This is especially surprising to me because the raw html of the page saved by James' script seems to indicate those fields should still be hidden. See e.g. the html below, which appears the same in both files, but the text at issue only appears in the browser-rendered page on the one saved by James' script:
<p class="helpbox ui-ncbitoggler-slave ui-ncbitoggler" id="hlp1" aria-hidden="true">
These options control formatting of alignments in results pages. The
default is HTML, but other formats (including plain text) are available.
PSSM and PssmWithParameters are representations of Position Specific Scoring Matrices and are only available for PSI-BLAST.
The Advanced view option allows the database descriptions to be sorted by various indices in a table.
</p>
Any idea why this is happening?
As you noted, Selenium cannot interact with the browser's context menu to use Save as..., so instead to do so, you could use an external automation library like pyautogui.
pyautogui.hotkey('ctrl', 's')
time.sleep(1)
pyautogui.typewrite(SEQUENCE + '.html')
pyautogui.hotkey('enter')
This code opens the Save as... window through its keyboard shortcut CTRL+S and then saves the webpage and its assets into the default downloads location by pressing enter. This code also names the file as the sequence in order to give it a unique name, though you could change this for your use case. If needed, you could additionally change the download location through some extra work with the tab and arrow keys.
Tested on Ubuntu 18.10; depending on your OS you may need to modify the key combination sent.

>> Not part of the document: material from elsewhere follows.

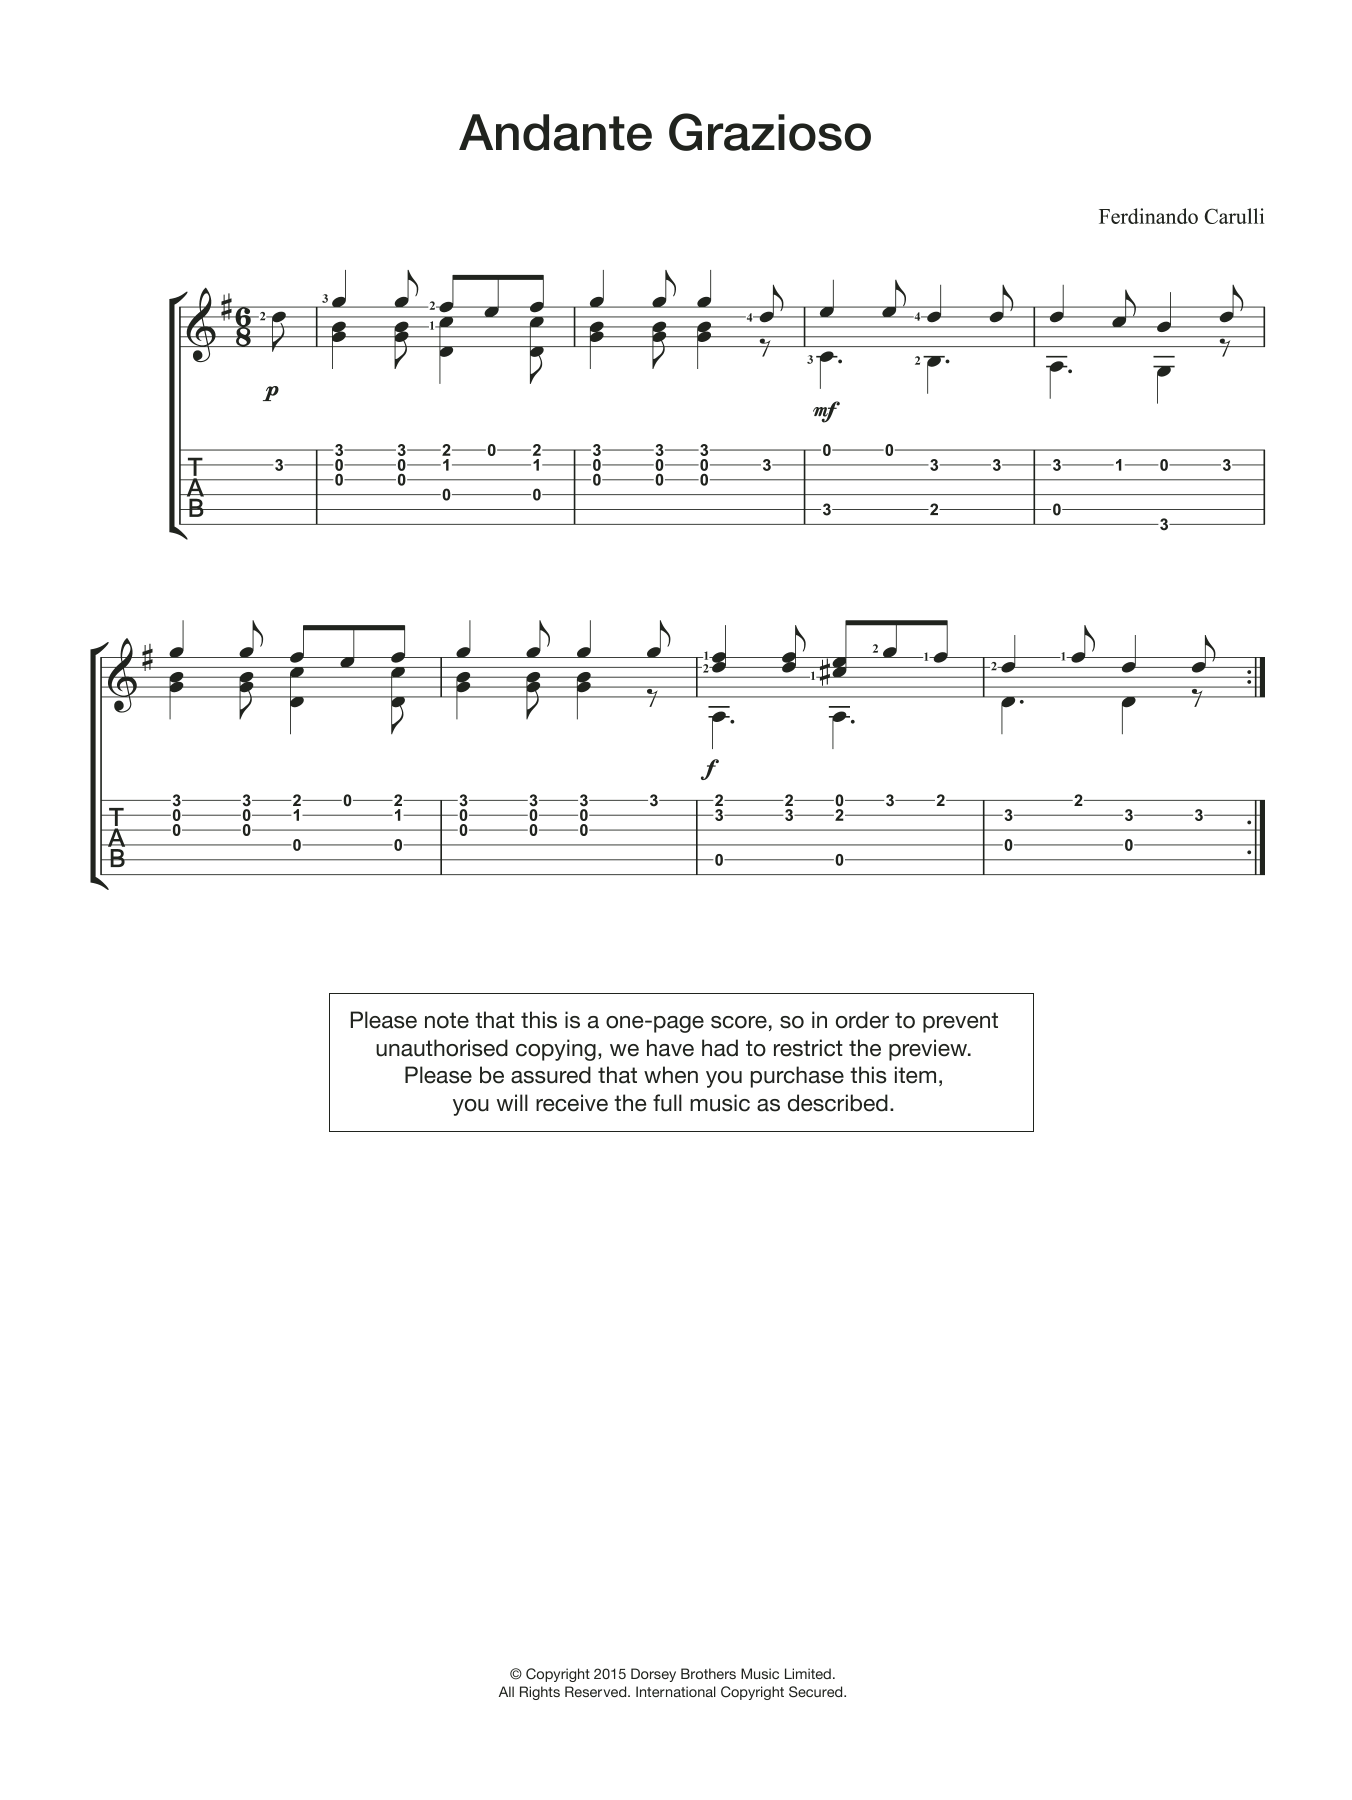 Ferdinando Carulli Andante Grazioso Sheet Music Notes & Chords for Guitar - Download or Print PDF

Full code, in which I also added conditional waits to improve speed:
import time
from selenium import webdriver
from selenium.webdriver.common.by import By
from selenium.webdriver.support.expected_conditions import visibility_of_element_located
from selenium.webdriver.support.ui import WebDriverWait
import pyautogui
URL = 'https://blast.ncbi.nlm.nih.gov/Blast.cgi?PROGRAM=blastx&PAGE_TYPE=BlastSearch&LINK_LOC=blasthome'
SEQUENCE = 'CCTAAACTATAGAAGGACAGCTCAAACACAAAGTTACCTAAACTATAGAAGGACAGCTCAAACACAAAGTTACCTAAACTATAGAAGGACAGCTCAAACACAAAGTTACCTAAACTATAGAAGGACAGCTCAAACACAAAGTTACCTAAACTATAGAAGGACA' #'GAGAAGAGAAGAGAAGAGAAGAGAAGAGAAGAGAAGAGAAGAGAAGAGAAGAGAAGAGAAGAGAAGAGAAGAGAAGAGAAGAGAAGAGAAGAGAAGAGAAGAGAAGAGAAGAGAAGAGAAGAGAAGAGAAGA'
# open page with selenium
# (first need to download Chrome webdriver, or a firefox webdriver, etc)
driver = webdriver.Chrome()
driver.get(URL)
# enter sequence into the query field and hit 'blast' button to search
seq_query_field = driver.find_element_by_id("seq")
seq_query_field.send_keys(SEQUENCE)
blast_button = driver.find_element_by_id("b1")
blast_button.click()
# wait until results are loaded
WebDriverWait(driver, 60).until(visibility_of_element_located((By.ID, 'grView')))
# open 'Save as...' to save html and assets
pyautogui.hotkey('ctrl', 's')
time.sleep(1)
pyautogui.typewrite(SEQUENCE + '.html')
pyautogui.hotkey('enter')
This is not a perfect solution, but it will get you most of what you need. You can replicate the behavior of "save as full web page (complete)" by parsing the html and downloading any loaded files (images, css, js, etc.) to their same relative path.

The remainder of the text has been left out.